_Task prompt_: Restate the listing below word for word, and leave its pictures behind.

_Dataset content_:
○ ○ ○ ○ ○ ○ ○

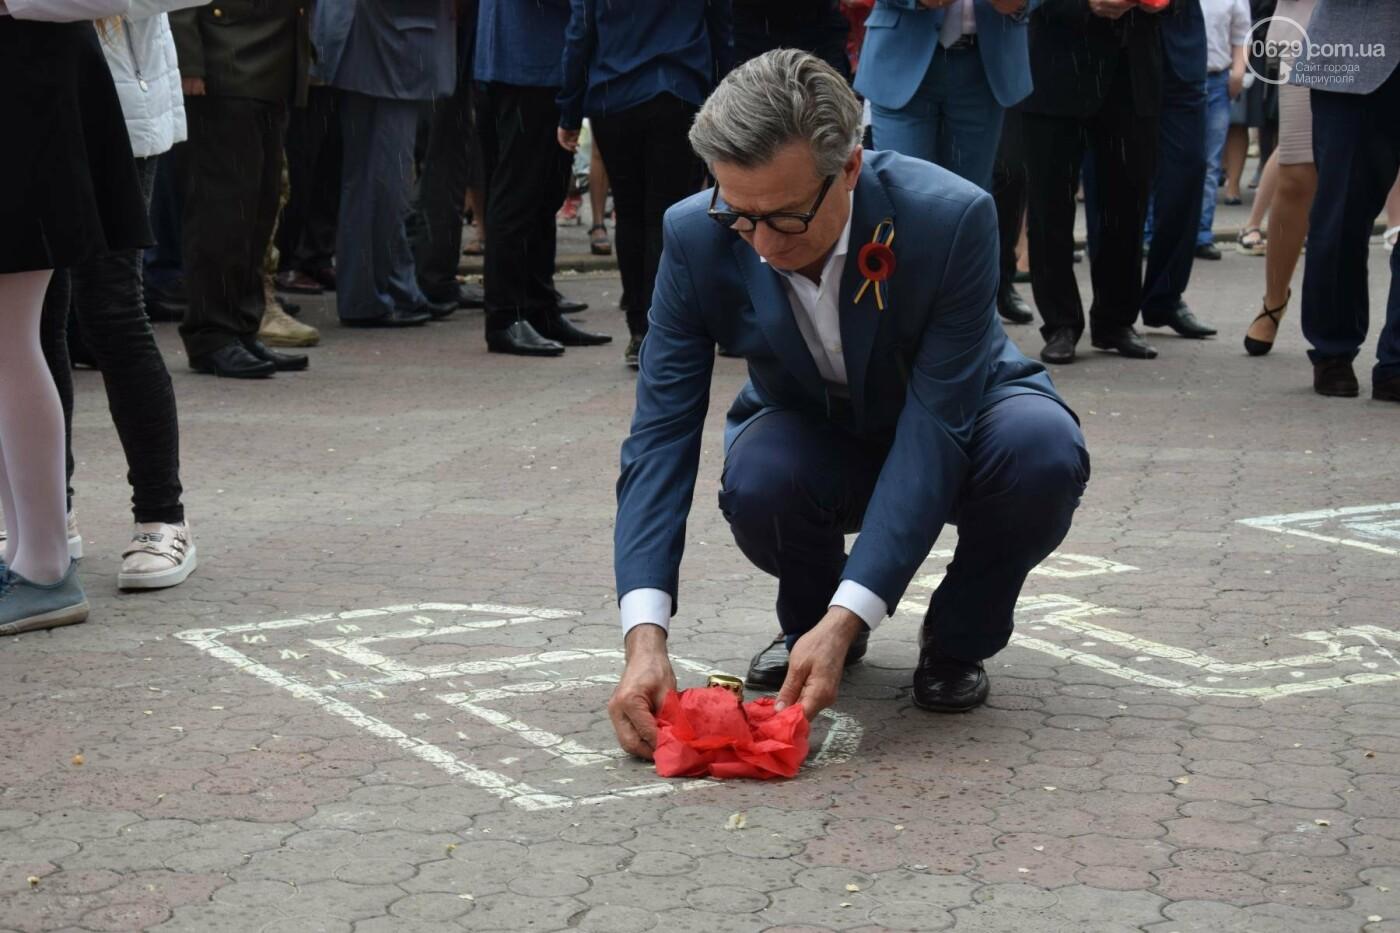 День памяти и примирения в Мариуполе  второй год проходит под дождем (ФОТО, ВИДЕО), фото-6
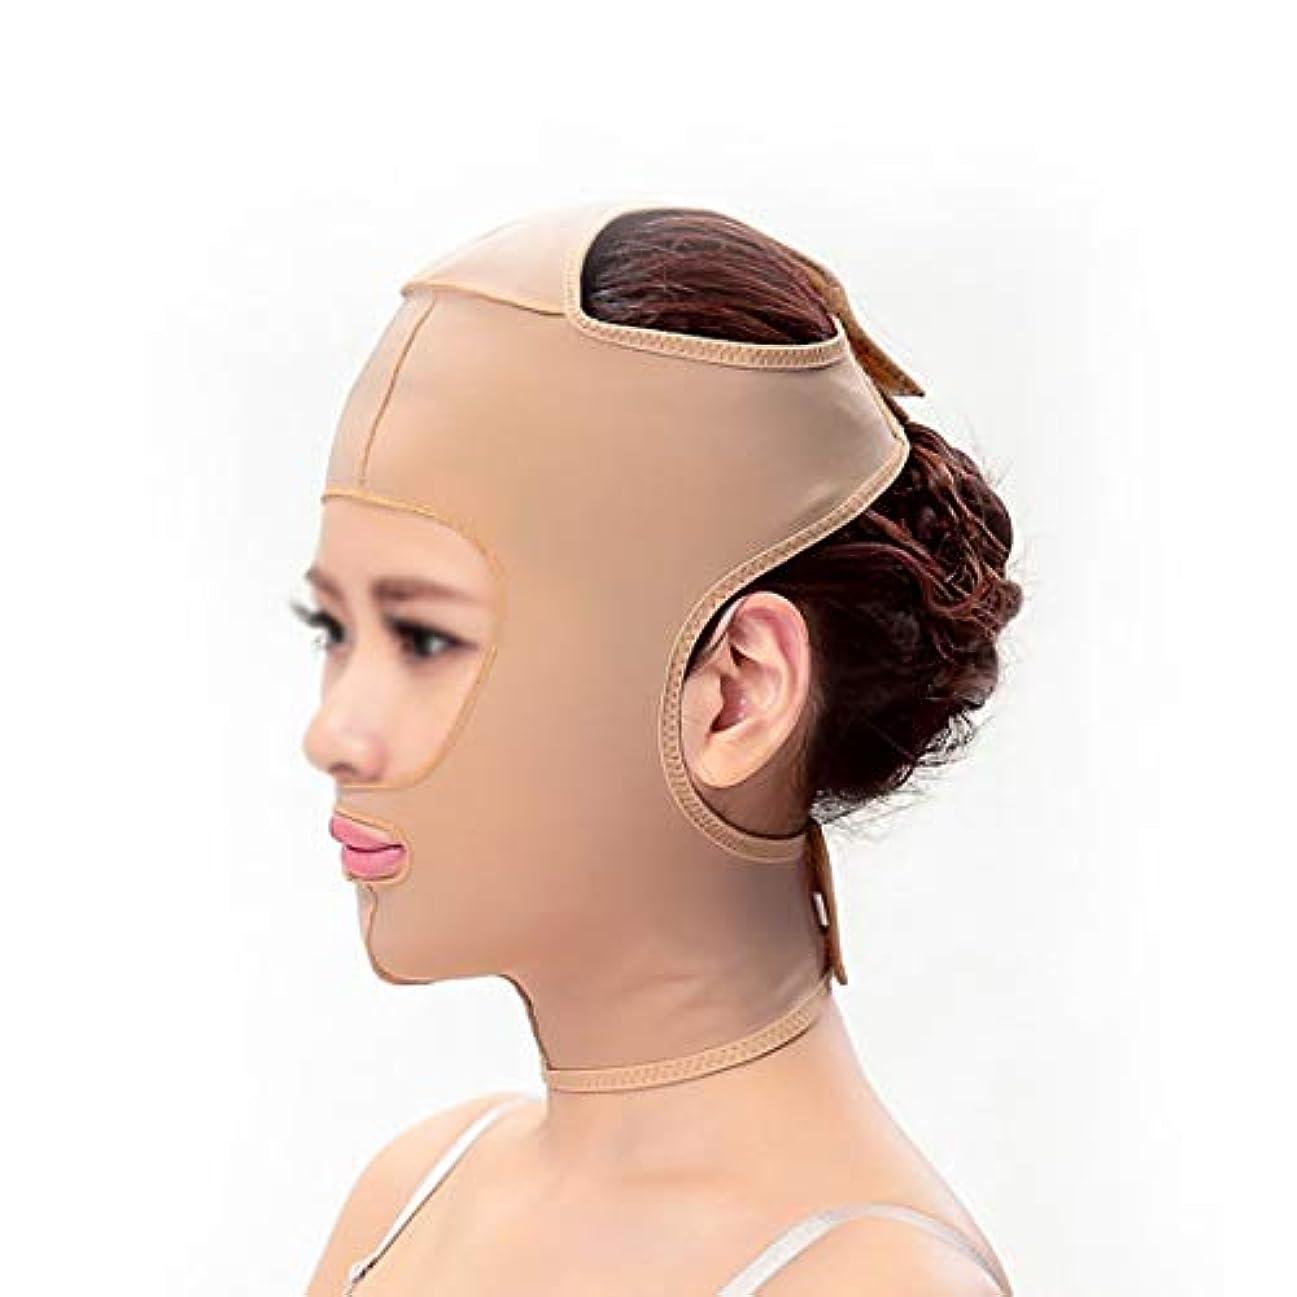 請願者堂々たる光のLJK 痩身ベルト、フェイシャルマスク薄いフェイスマスクを脇に持ち上げる二重あご引き締め顔面プラスチックフェイスアーティファクト強力なフェイス包帯 (Size : M)
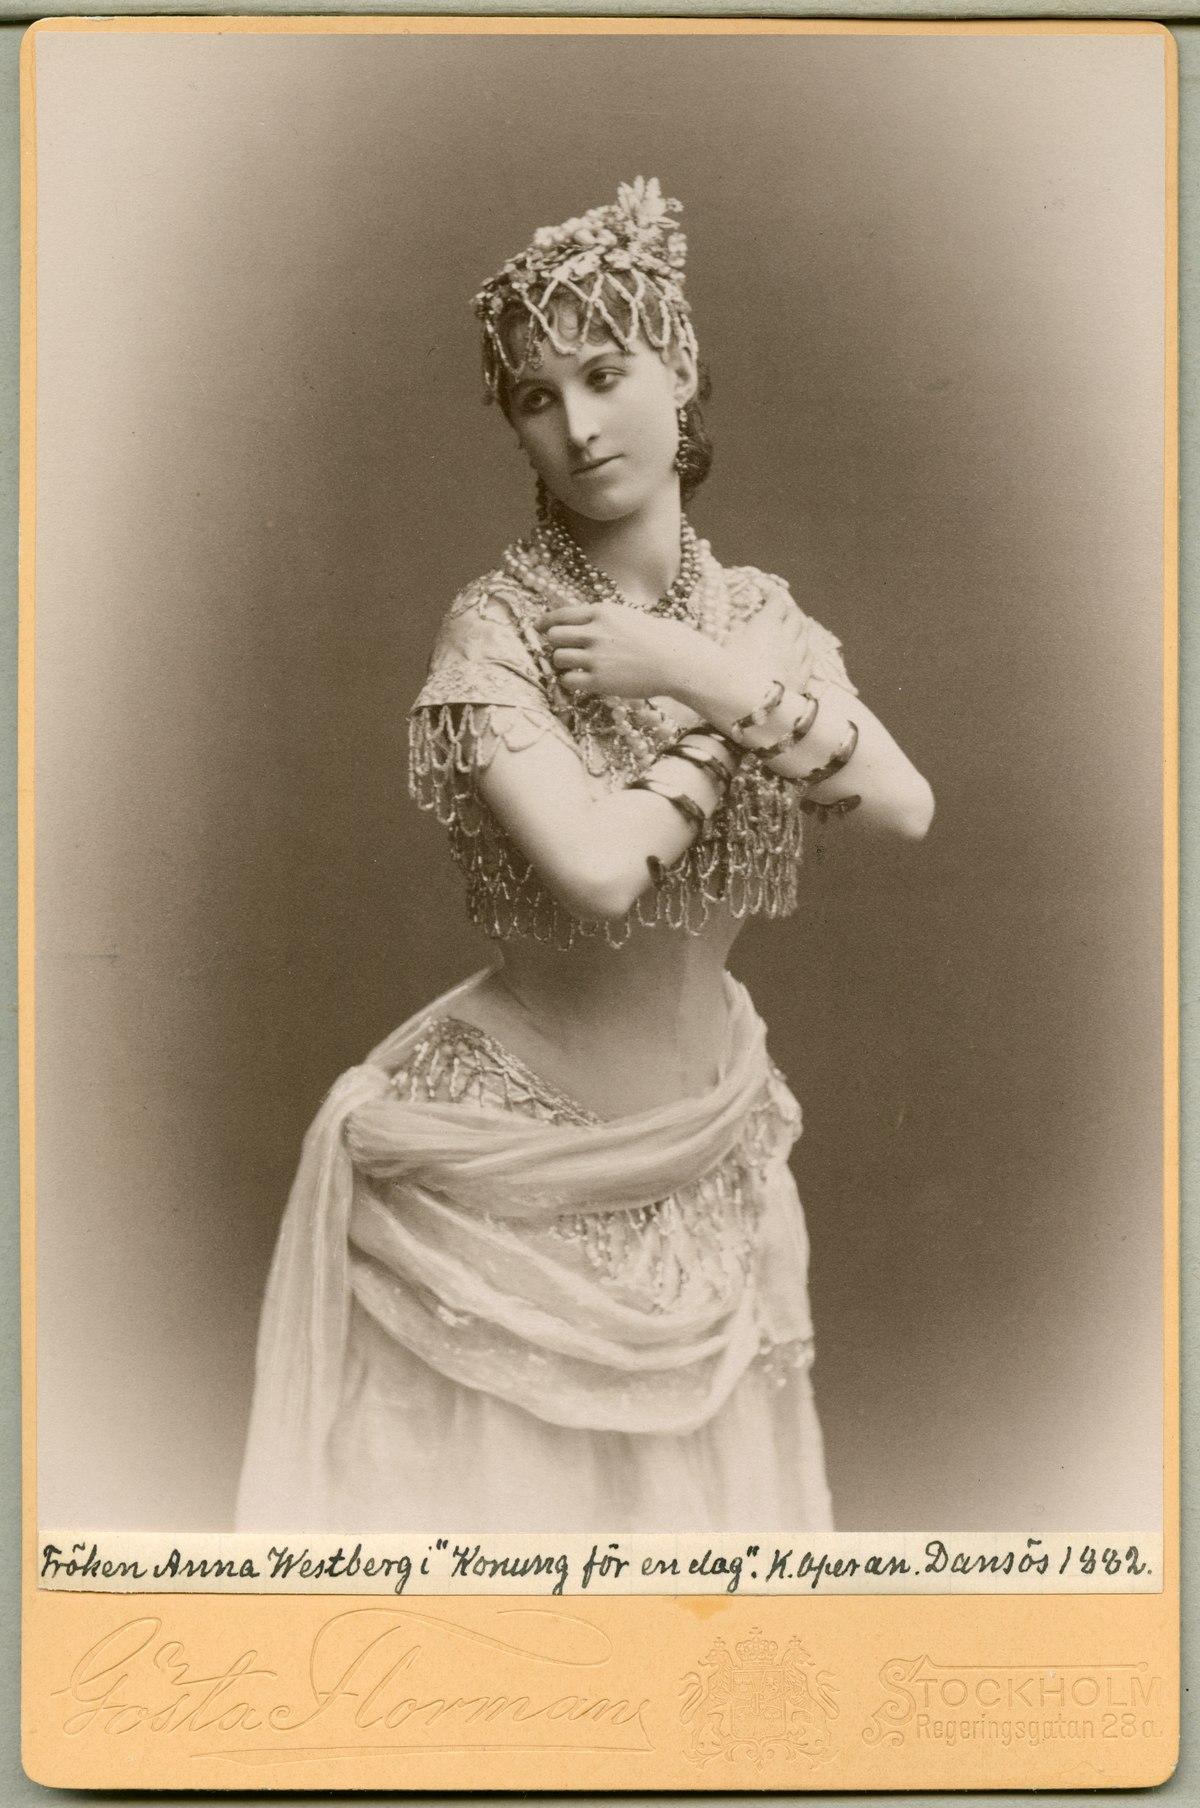 Anna Ballerina

○ ○ ○ ○ ○ ○ ○

_Solution to the problem_:
 День памяти и примирения в Мариуполе  второй год проходит под дождем (ФОТО, ВИДЕО), фото-6
 請願者堂々たる光のLJK 痩身ベルト、フェイシャルマスク薄いフェイスマスクを脇に持ち上げる二重あご引き締め顔面プラスチックフェイスアーティファクト強力なフェイス包帯 (Size : M)
 Anna Ballerina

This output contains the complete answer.